One of the features of the optical sphere switch is a dome portion having a hemispherical shape and including a plurality of optical signal output ports arranged in a ring shape so as to be spaced apart from each other, An optical fiber and a collimator unit for outputting an optical signal toward the optical signal output port, a central rod which is directed toward the dome unit and incorporates the optical fiber and the collimator unit, and is connected to the center rod, A second connection unit connected to the first connection unit and configured to move the first connection unit in the first direction and the second direction, a second connection unit connected to the second connection unit, A second connection portion first direction driver for moving the connection portion in the first direction, and a second connection portion connected to the second connection portion, And a second connection portion in the second direction driving section, and the mounting base with the second connection a second-direction driving is provided for moving the effort.

Description

OPTICAL SPHERE SWITCH [0002]

The present invention relates to a fiber optic switch.

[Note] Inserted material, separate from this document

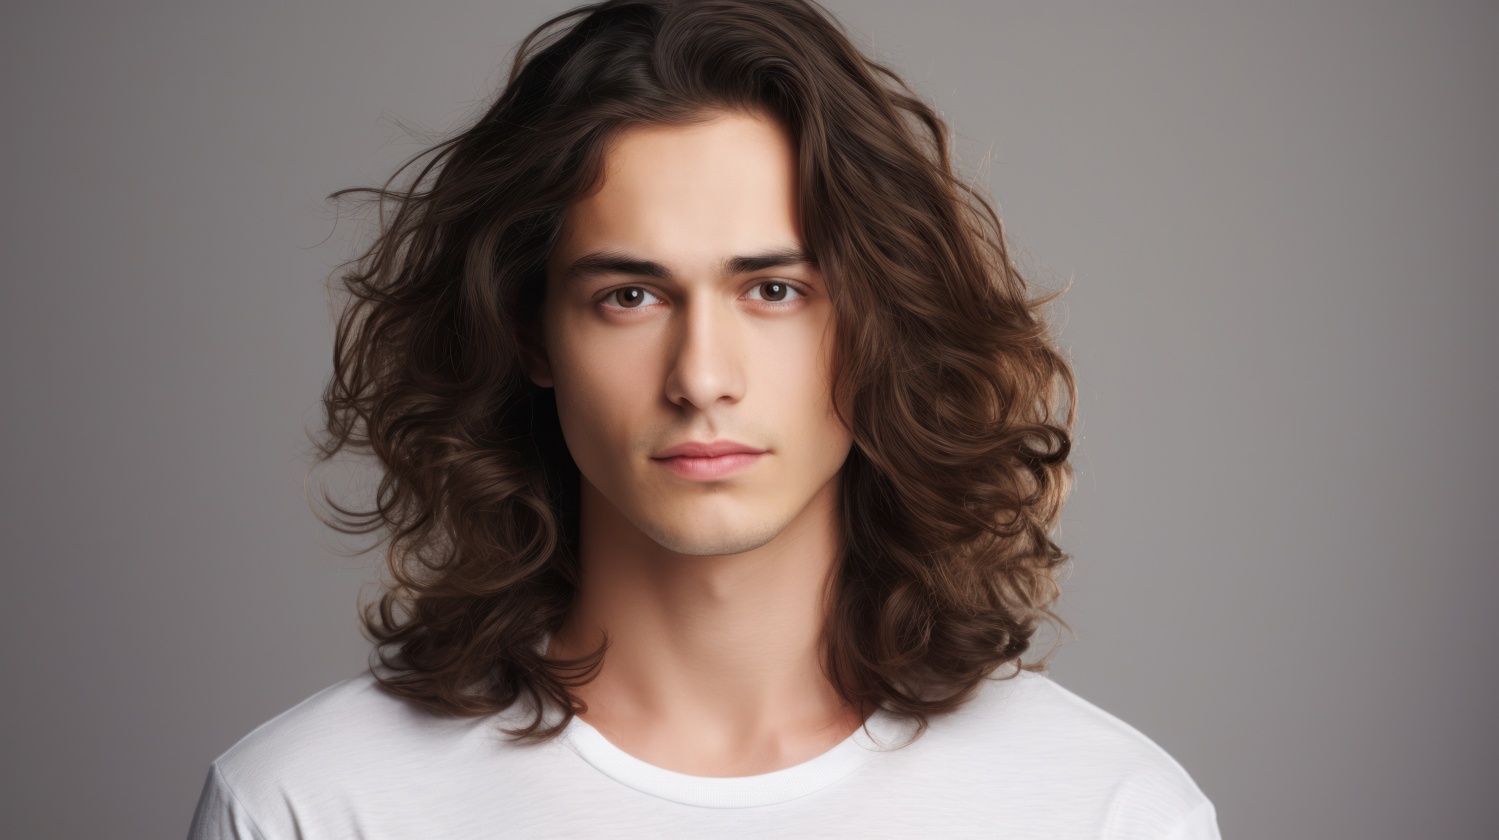 man - long curly hair

2. Description of the Related Art Generally, in order to transmit an optical signal to a plurality of optical subscribers in an optical transmission system, an optical signal input to one optical line is input into a plurality of divided channels, So that the optical signals transmitted through the respective channels can be transmitted to the respective optical subscribers.

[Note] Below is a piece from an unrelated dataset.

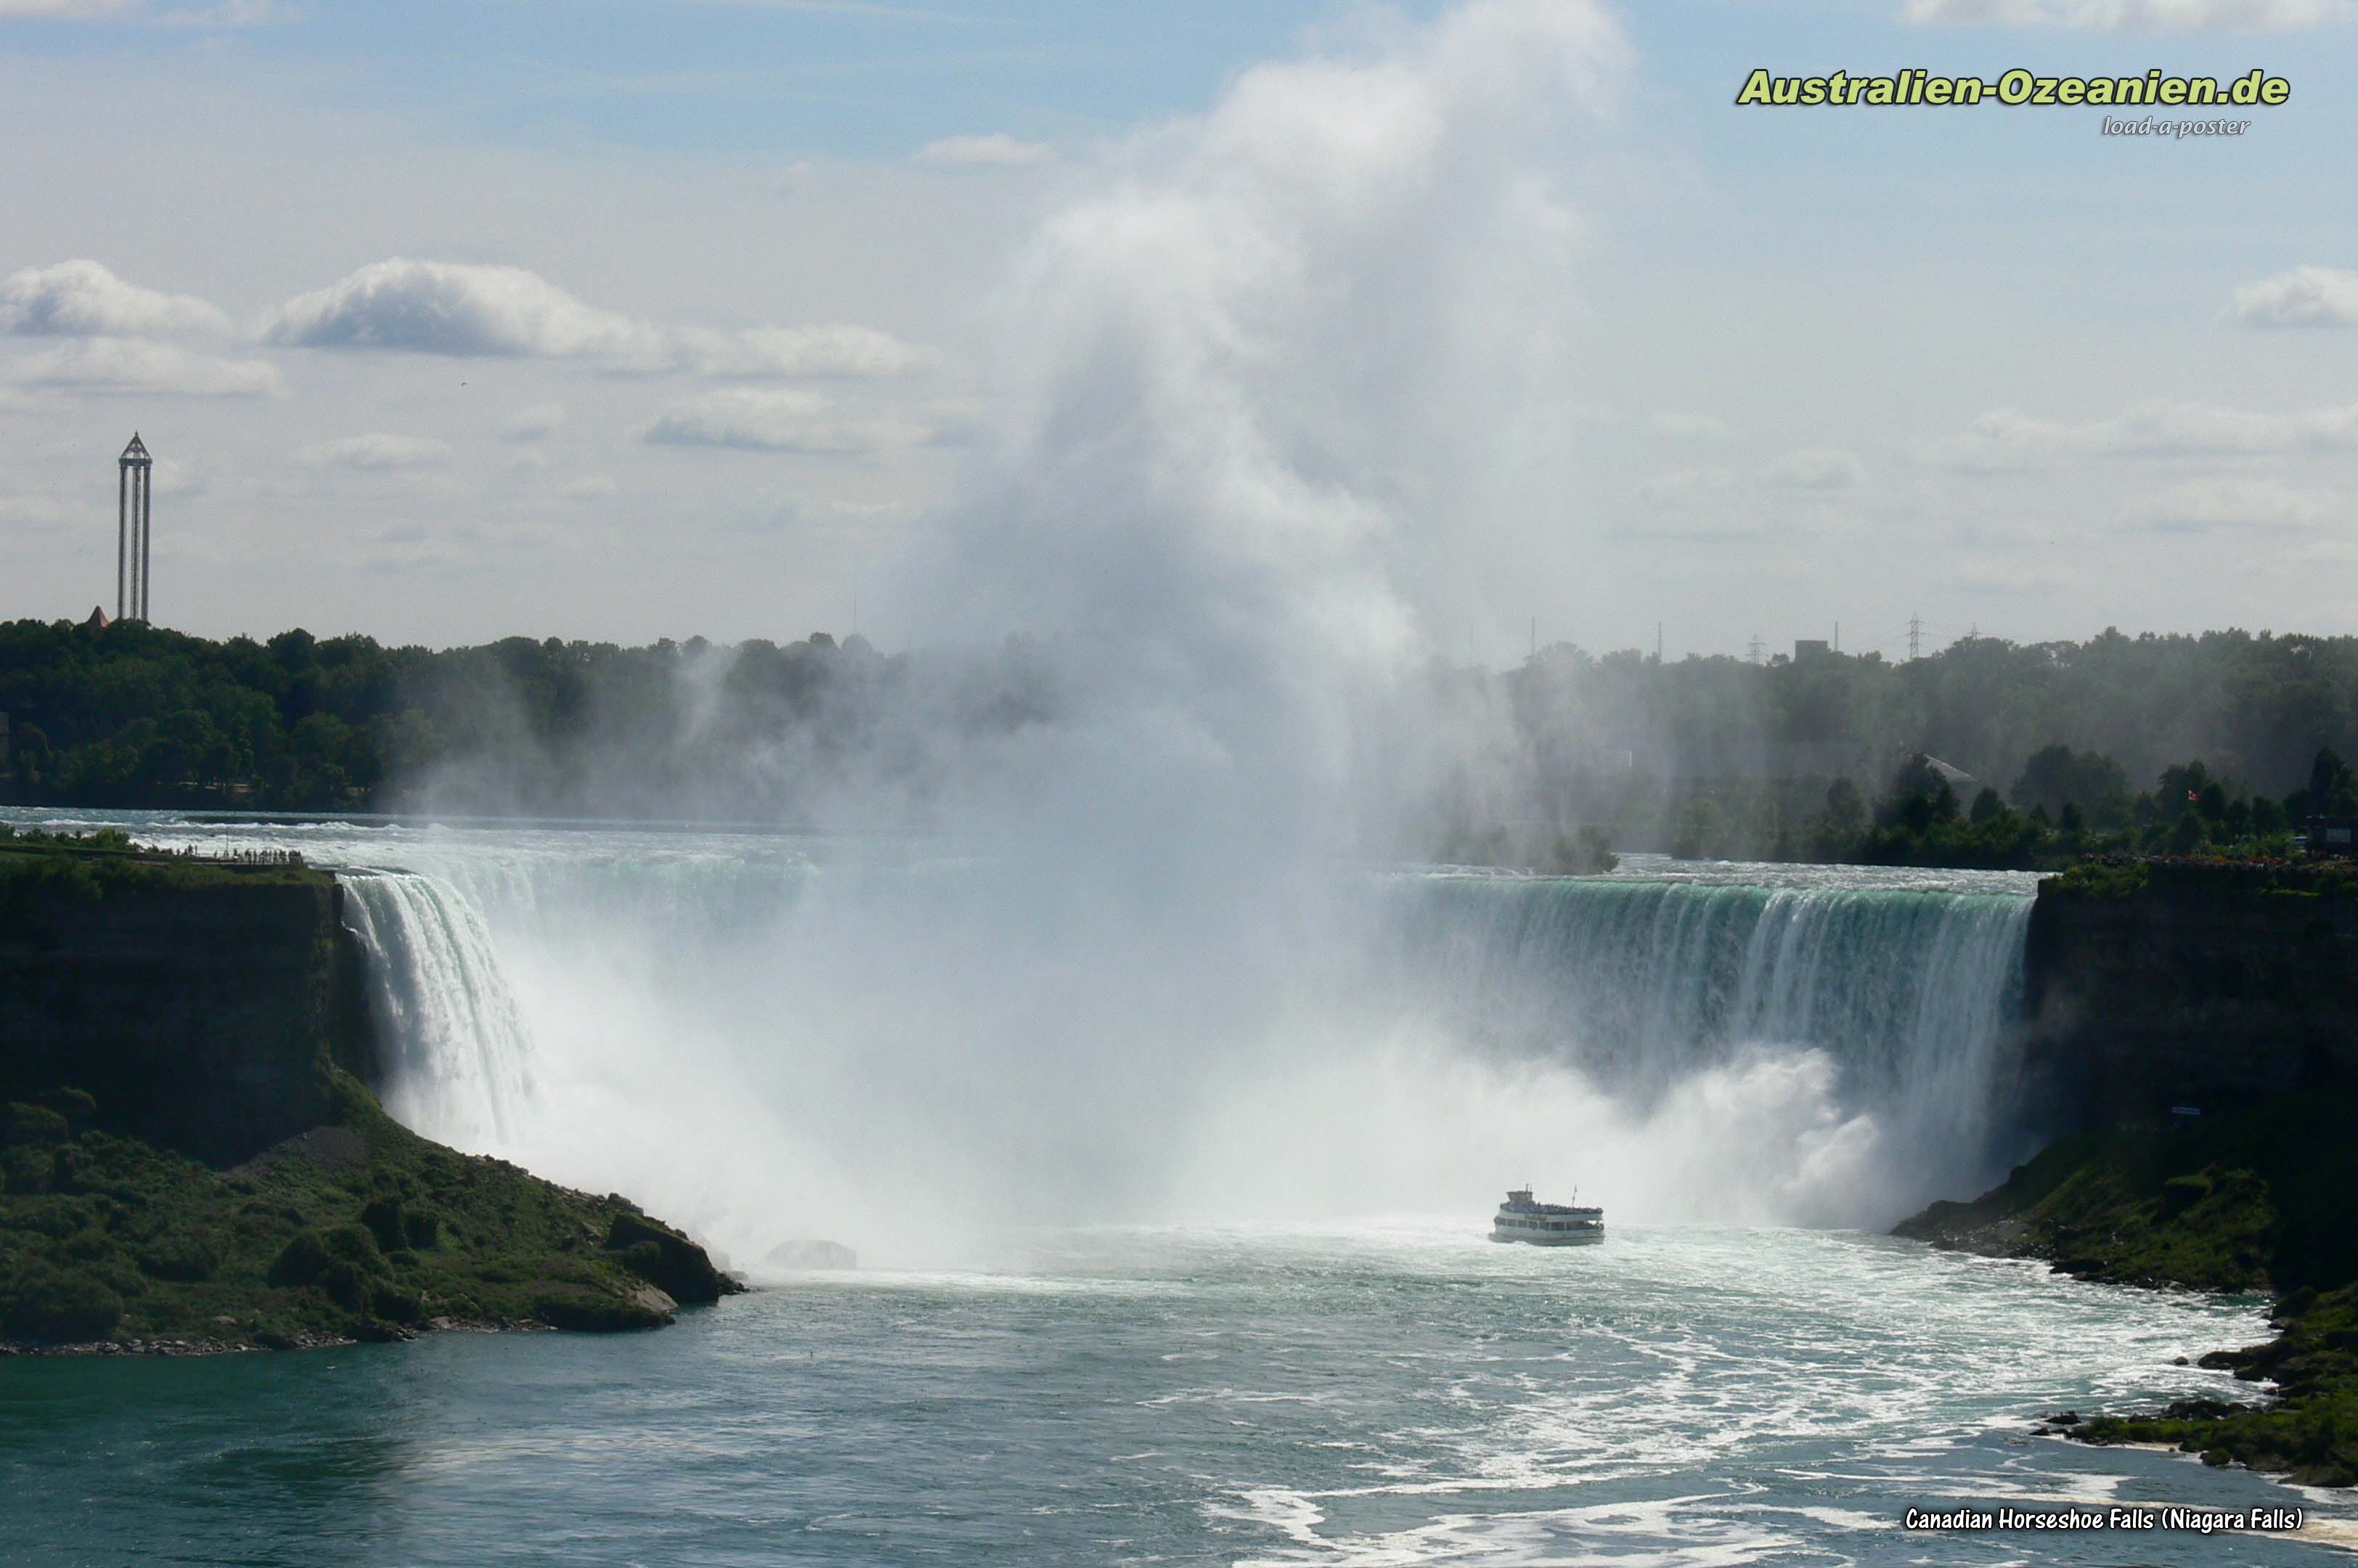 Canadian Horseshoe Falls - Niagarafälle

One of the conventional optical signal dividing methods is a cascade method. In the cascade method, optical signal loss occurs in the process of dividing an optical signal, and optical loss is further increased as the number of channels increases .

In order to overcome the problems of the cascade method, Korean Patent Registration No. 10-0262346, which is a prior patent that proposes a mechanical optical switch, includes a linker and a motor, and a plurality of optical devices can be selectively measured .

However, such a conventional optical switch has a problem in that it can not switch to many channels because the number of channels capable of switching optical signals is limited.

SUMMARY OF THE INVENTION The present invention has been made in view of the above problems, and it is an object of the present invention to facilitate an increase in the number of channels in which an optical signal is divided.

Another object of the present invention is to improve the efficiency of signal switching operation to a corresponding channel.

The optical sphere switch according to an embodiment of the present invention includes a dome portion having a hemispherical shape and including a plurality of optical signal output ports arranged to be spaced apart from each other in a ring shape, An optical fiber and a collimator unit for outputting an optical signal, a central rod that is directed toward the dome unit and incorporates the optical fiber and the collimator unit, and the central rod is connected to the center rod, A second connection unit connected to the first connection unit and configured to move the first connection unit in the first direction and the second direction, the second connection unit connected to the second connection unit, And a second connection part connected to the second connection part for moving the second connection part in the second direction, A first direction driving unit, a second direction driving unit, and the second connecting unit second direction driving unit.

The first connection part and the second connection part may each include an annular ring having a hollow center. The first connection part and the second connection part may be connected to each other by connecting the rings.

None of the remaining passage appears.